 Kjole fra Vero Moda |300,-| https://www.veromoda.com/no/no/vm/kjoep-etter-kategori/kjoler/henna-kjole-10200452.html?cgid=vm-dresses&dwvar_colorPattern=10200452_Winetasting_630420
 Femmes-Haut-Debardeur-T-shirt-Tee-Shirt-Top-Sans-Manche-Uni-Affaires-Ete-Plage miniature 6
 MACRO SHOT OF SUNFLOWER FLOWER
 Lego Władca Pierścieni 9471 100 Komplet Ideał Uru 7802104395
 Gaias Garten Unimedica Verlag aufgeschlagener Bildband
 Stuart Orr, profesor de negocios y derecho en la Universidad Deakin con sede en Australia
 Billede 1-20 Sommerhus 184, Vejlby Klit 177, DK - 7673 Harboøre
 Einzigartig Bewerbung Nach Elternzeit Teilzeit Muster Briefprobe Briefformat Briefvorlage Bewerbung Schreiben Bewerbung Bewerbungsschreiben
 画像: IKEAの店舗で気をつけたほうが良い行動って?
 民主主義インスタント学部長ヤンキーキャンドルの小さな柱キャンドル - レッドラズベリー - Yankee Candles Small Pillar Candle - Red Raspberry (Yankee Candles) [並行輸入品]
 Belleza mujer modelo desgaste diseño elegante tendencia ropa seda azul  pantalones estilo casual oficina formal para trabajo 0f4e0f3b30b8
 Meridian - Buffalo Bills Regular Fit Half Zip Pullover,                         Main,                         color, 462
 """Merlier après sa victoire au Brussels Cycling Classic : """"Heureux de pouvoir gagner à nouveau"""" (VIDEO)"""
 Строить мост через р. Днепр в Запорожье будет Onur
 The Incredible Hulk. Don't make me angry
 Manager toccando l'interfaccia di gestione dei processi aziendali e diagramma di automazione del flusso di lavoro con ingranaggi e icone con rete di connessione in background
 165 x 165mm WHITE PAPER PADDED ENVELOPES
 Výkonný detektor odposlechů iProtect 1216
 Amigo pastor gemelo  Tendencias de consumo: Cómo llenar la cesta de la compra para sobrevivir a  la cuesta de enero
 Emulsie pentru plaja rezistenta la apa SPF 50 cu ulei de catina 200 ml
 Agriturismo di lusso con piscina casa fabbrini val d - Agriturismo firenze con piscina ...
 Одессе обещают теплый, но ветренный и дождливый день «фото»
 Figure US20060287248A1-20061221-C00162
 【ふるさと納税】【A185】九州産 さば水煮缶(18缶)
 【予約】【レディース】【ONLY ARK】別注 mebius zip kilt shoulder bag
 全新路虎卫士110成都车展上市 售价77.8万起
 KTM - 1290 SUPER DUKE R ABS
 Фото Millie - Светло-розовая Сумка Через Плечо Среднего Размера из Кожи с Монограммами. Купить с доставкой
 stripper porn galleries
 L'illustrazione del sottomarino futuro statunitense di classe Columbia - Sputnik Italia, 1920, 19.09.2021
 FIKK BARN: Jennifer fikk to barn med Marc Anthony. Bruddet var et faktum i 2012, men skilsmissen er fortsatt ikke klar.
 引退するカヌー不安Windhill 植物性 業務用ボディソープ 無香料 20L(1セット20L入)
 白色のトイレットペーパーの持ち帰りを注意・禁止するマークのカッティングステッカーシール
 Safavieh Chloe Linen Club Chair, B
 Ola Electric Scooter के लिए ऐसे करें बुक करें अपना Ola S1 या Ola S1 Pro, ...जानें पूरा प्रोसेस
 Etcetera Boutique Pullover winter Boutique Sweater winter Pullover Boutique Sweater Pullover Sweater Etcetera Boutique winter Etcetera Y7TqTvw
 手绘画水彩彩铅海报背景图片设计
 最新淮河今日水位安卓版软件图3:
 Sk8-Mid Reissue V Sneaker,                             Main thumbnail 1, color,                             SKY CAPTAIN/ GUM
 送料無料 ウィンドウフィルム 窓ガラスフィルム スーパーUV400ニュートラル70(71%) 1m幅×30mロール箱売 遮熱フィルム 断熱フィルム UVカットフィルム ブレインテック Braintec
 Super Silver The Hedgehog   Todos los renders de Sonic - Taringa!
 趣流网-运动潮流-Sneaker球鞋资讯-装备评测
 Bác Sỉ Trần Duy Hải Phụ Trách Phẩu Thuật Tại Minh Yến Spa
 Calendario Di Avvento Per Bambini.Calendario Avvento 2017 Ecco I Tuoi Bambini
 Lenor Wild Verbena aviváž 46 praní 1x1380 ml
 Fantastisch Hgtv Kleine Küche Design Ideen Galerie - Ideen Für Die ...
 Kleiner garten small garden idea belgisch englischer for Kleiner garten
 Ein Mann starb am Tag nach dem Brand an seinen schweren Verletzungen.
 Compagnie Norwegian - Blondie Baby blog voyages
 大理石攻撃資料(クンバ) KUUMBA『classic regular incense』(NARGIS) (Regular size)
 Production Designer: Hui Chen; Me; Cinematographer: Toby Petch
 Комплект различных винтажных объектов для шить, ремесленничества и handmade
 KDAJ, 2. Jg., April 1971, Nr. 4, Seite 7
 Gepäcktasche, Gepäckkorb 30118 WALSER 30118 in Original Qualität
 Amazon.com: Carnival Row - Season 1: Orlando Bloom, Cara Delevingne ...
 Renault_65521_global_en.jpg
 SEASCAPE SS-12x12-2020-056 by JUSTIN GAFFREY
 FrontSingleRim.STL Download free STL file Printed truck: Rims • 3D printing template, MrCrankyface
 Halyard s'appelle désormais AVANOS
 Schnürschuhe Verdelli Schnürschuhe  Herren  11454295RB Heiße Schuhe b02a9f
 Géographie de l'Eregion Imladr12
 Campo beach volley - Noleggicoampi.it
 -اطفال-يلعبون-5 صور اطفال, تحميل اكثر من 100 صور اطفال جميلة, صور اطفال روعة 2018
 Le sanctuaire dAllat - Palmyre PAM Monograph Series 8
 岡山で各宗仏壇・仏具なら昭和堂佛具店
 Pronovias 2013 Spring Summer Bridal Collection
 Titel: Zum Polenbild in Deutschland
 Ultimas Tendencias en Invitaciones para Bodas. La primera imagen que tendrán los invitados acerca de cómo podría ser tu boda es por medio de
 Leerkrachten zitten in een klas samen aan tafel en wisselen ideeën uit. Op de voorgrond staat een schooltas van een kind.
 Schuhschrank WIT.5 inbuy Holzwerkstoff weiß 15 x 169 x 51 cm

_Try it_
From the data above, output exactly the lines between the one containing "Schnürschuhe Verdelli Schnürschuhe" and the one containing "岡山で各宗仏壇・仏具なら昭和堂佛具店", counting both of them.

_Exercise output_
 Schnürschuhe Verdelli Schnürschuhe  Herren  11454295RB Heiße Schuhe b02a9f
 Géographie de l'Eregion Imladr12
 Campo beach volley - Noleggicoampi.it
 -اطفال-يلعبون-5 صور اطفال, تحميل اكثر من 100 صور اطفال جميلة, صور اطفال روعة 2018
 Le sanctuaire dAllat - Palmyre PAM Monograph Series 8
 岡山で各宗仏壇・仏具なら昭和堂佛具店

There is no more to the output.